Restate word for word the entries below, starting at the line with "Dead plant on a window sill" and ending at the line with "Johan Barthold Jongkind, Le". Keep both end lines and omit the pictures.

= Data for analysis =
= Beginning of Section =

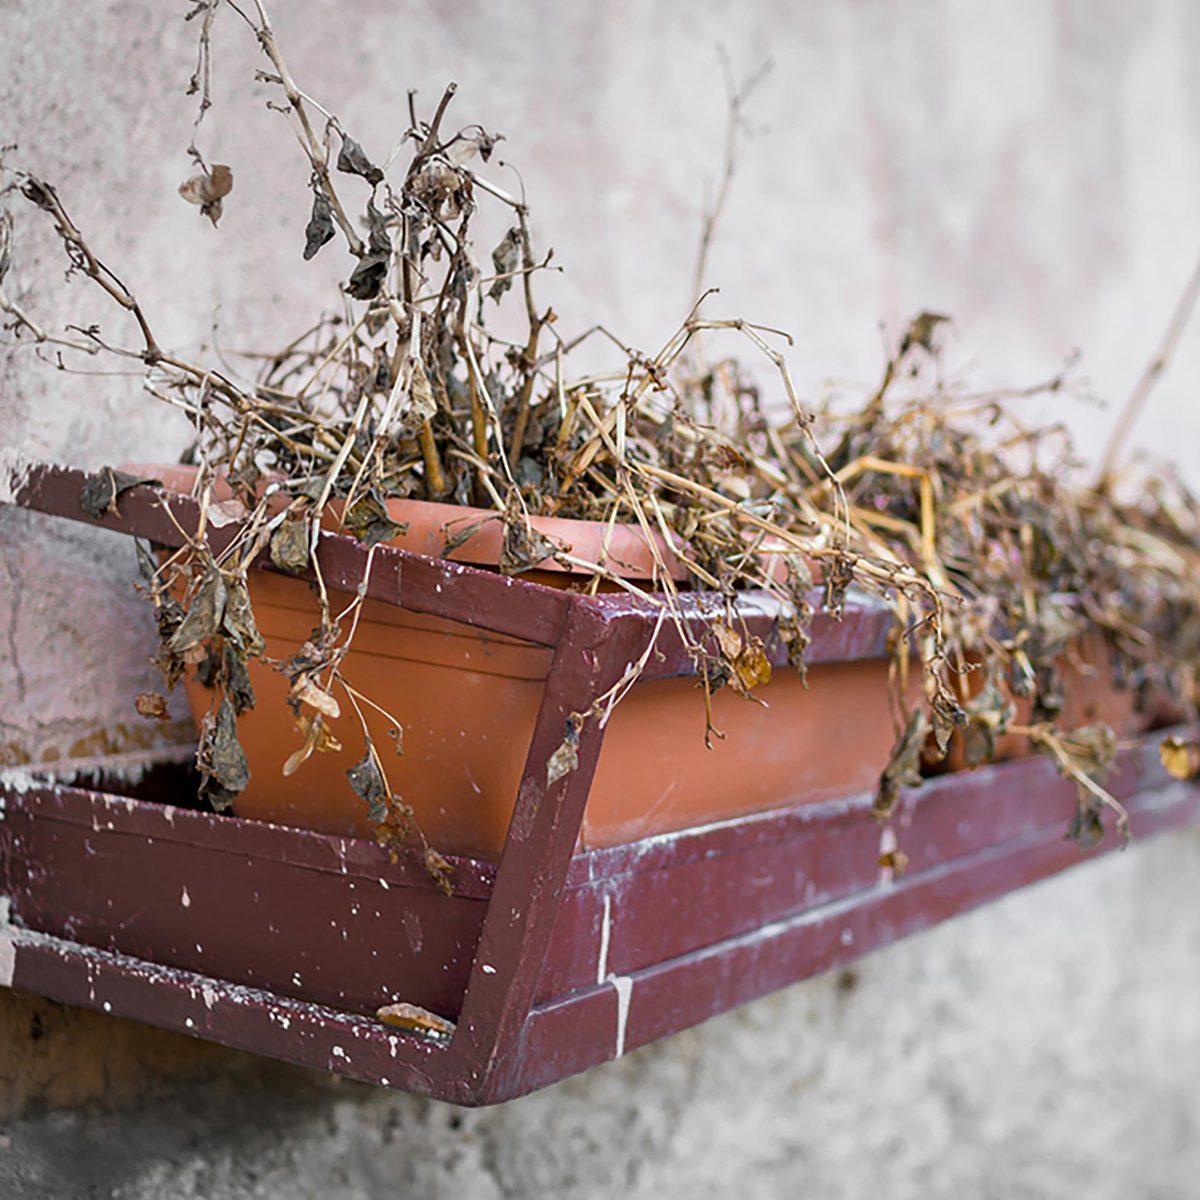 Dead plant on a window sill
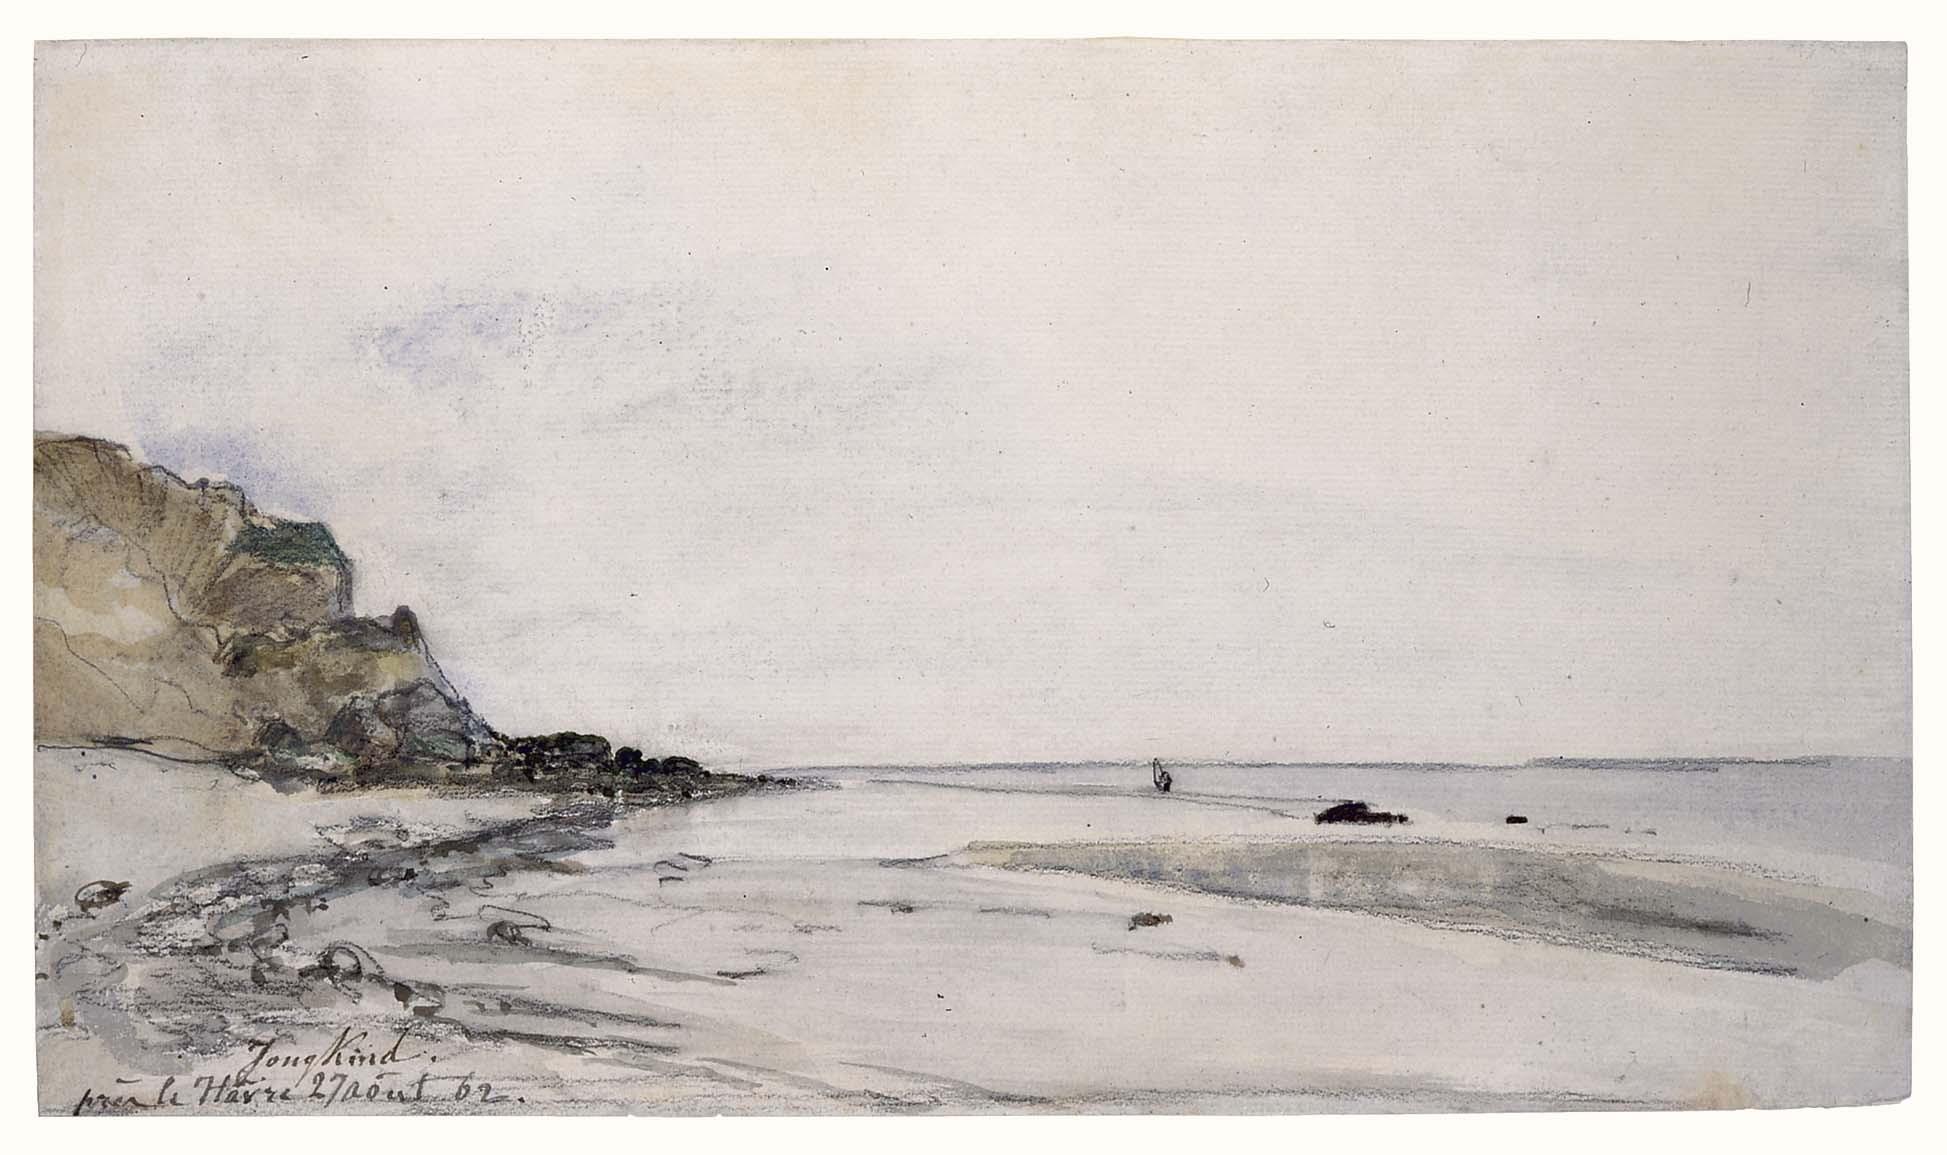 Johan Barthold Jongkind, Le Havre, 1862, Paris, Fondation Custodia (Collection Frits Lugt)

= End of Section =
= Beginning of Section =

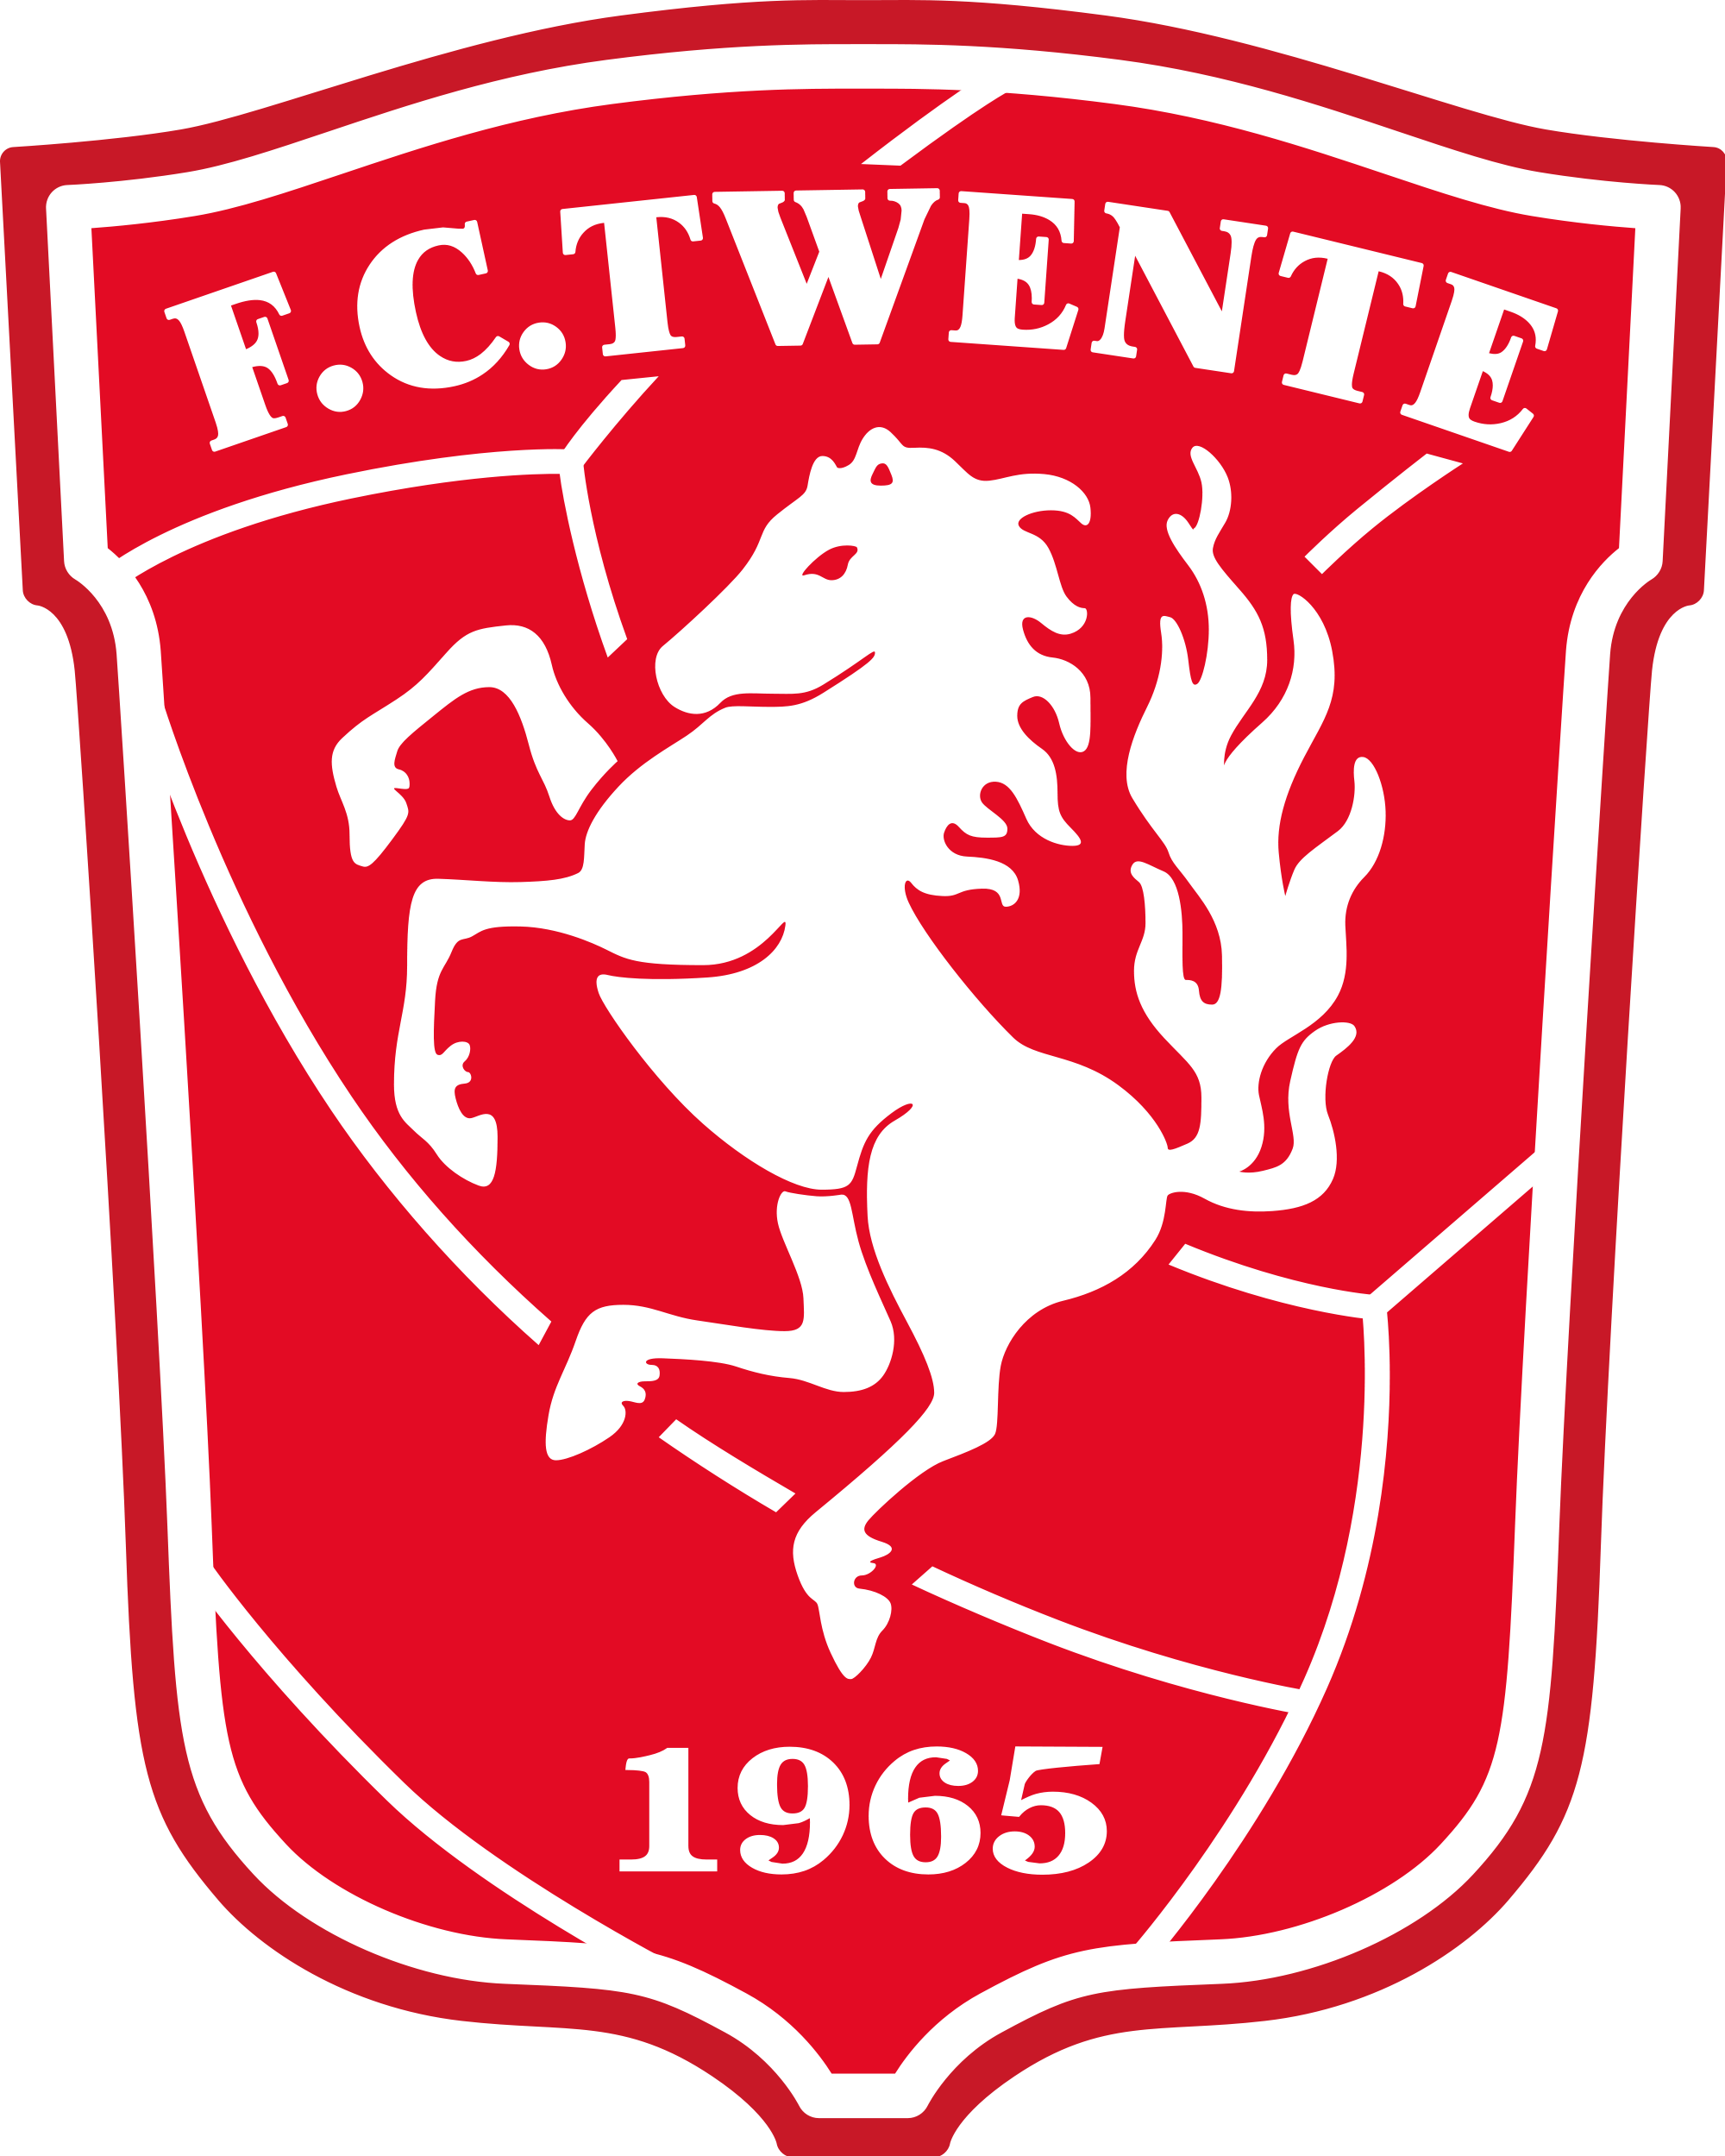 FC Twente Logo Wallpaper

= End of Section =
= Beginning of Section =

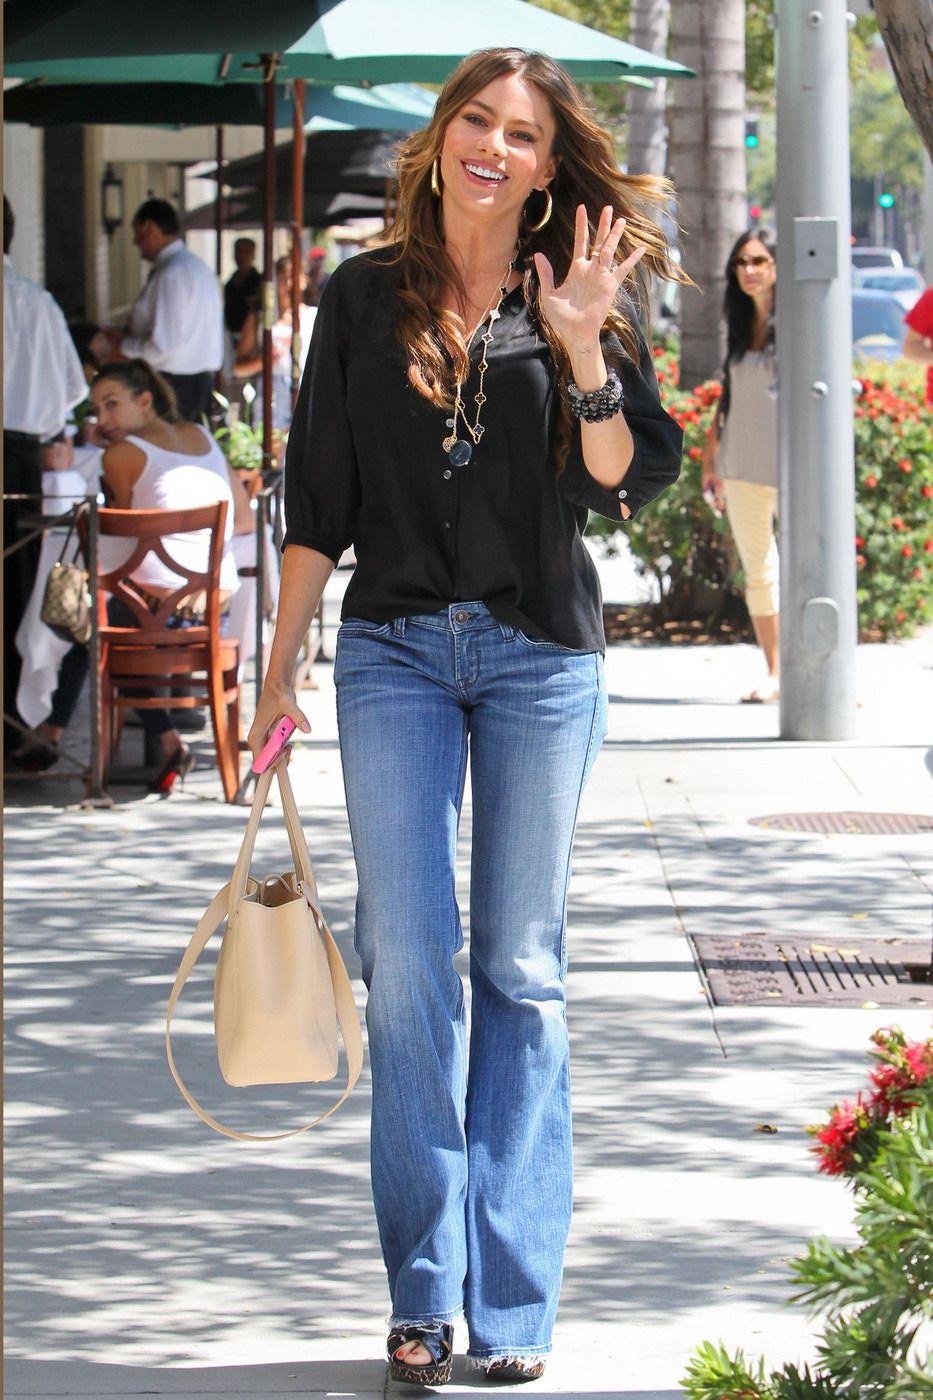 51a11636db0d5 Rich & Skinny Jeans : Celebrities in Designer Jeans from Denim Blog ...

= End of Section =

= Result =
 Dead plant on a window sill
 Johan Barthold Jongkind, Le Havre, 1862, Paris, Fondation Custodia (Collection Frits Lugt)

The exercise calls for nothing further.